Suppose you have a problem that you like to tackle with machine learning and use the resulting system in a real-life project. I like to share my simple pathway for such purpose, in order to provide a basic guide to beginners and keep these things as a reminder to myself. These rules are tricky since even-thought they are simple, it is not that trivial to remember all and suppress your instinct which likes to see a running model as soon as possible.
When we confronted any problem, initially we have numerous learning algorithms, many bytes or gigabytes of data and already established knowledge to apply some of these models to particular problems. With all these in mind, we follow a three stages procedure;
Here we have a very good slide summarizing performance measures, statistical tests and sampling for model comparison and evaluation. You can refer it when you have some couple of classifiers on different datasets and you want to see which one is better and why?

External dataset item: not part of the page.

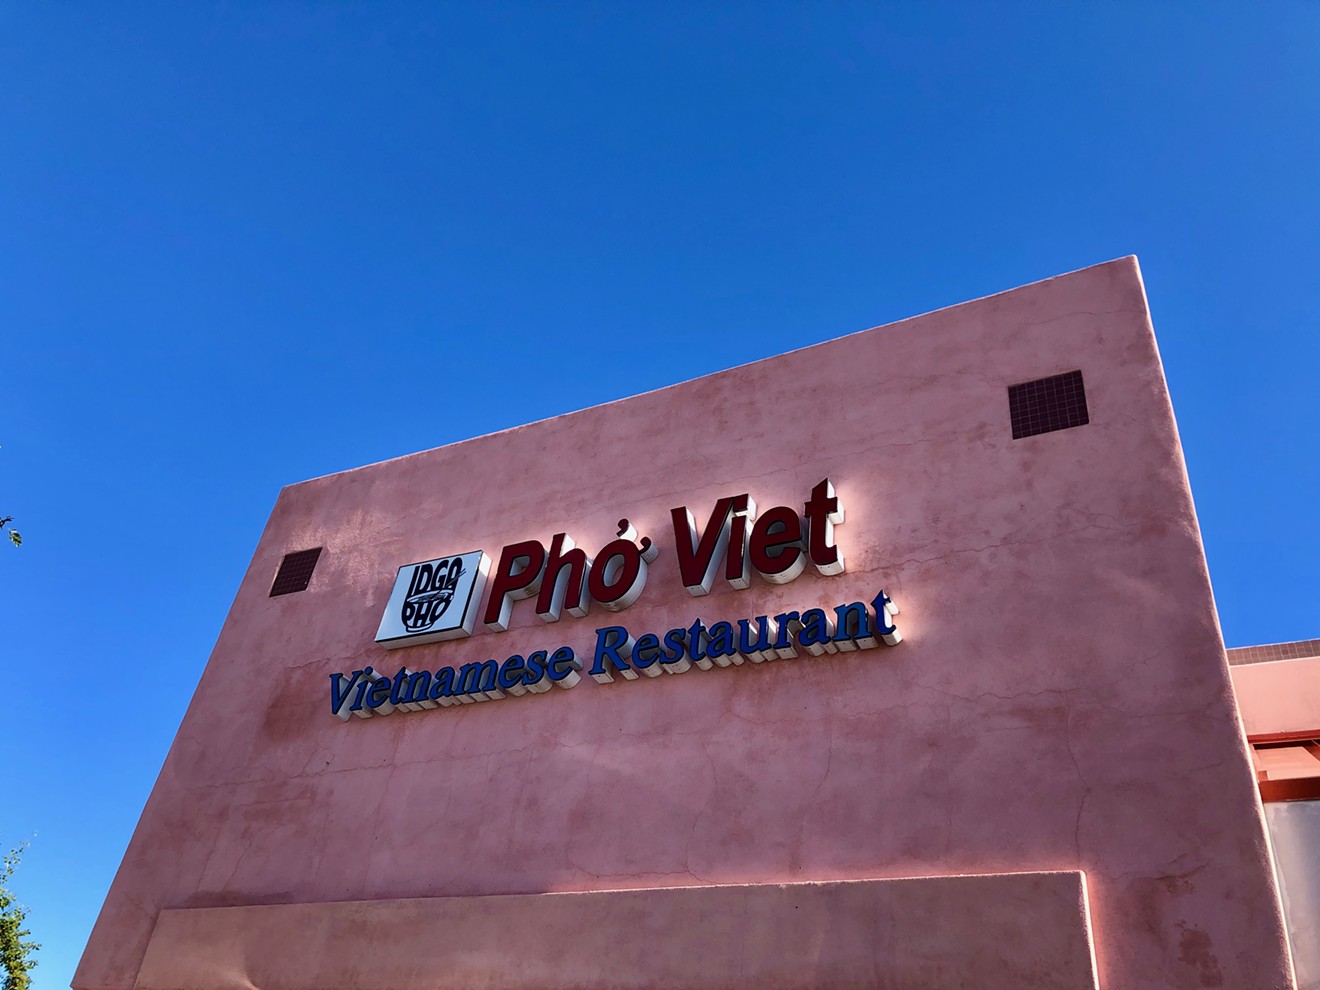 Don't miss Pho Viet Vietnamese Restaurant in the northwest Valley.

Selection of your final machine learning model is a vital part of your project. Using the accurate metric and the selection paradigm might give very good results even you use very simple or even wrong learning algorithm. Here, I explain a very parsimonious and plane way.
The metric you choose is depended to your problem end expectations. Some common alternatives are F1 score (combination of precision and recall), accuracy (ratio of correctly classified instances to all instances), ROC curve or error rate (1-accuracy).
For being an example I use error rate (at the below figure). First divide the data into 3 as train set, held-out set, test set. We will use held-out set as an objective guidance of hyper-parameters of your algorithm. You might also prefer to use K-fold X-validation but my choice is to keep a held-out set, if I have enough number of instances.
Following procedure can be used for parameter selection and the selection of the final model. The idea is, plotting the performance of the model with the lines of test fold accuracy (held-out set) and the train fold accuracy. This plot should be met at a certain point where both of the curves consistent in some sense (training fold and test fold scores are at reasonable levels) and after a slight step they start to be stray away from each other (train fold score increases still and test fold score starts to be dropped down). This straying effect might be underfitting or after a numerous learning iterations likely to be overfitting. Choice the best trade-off point on the plot as the correct model.
Another caveat, do not use so much folds for x-validation since some of the papers (that cannot come up the name right now:( ), asymptotic behaviour of cross validation is likely to tout over-fitting therefore use of leave-multiple out procedure instead of leave-one out if you propose to use large fold number.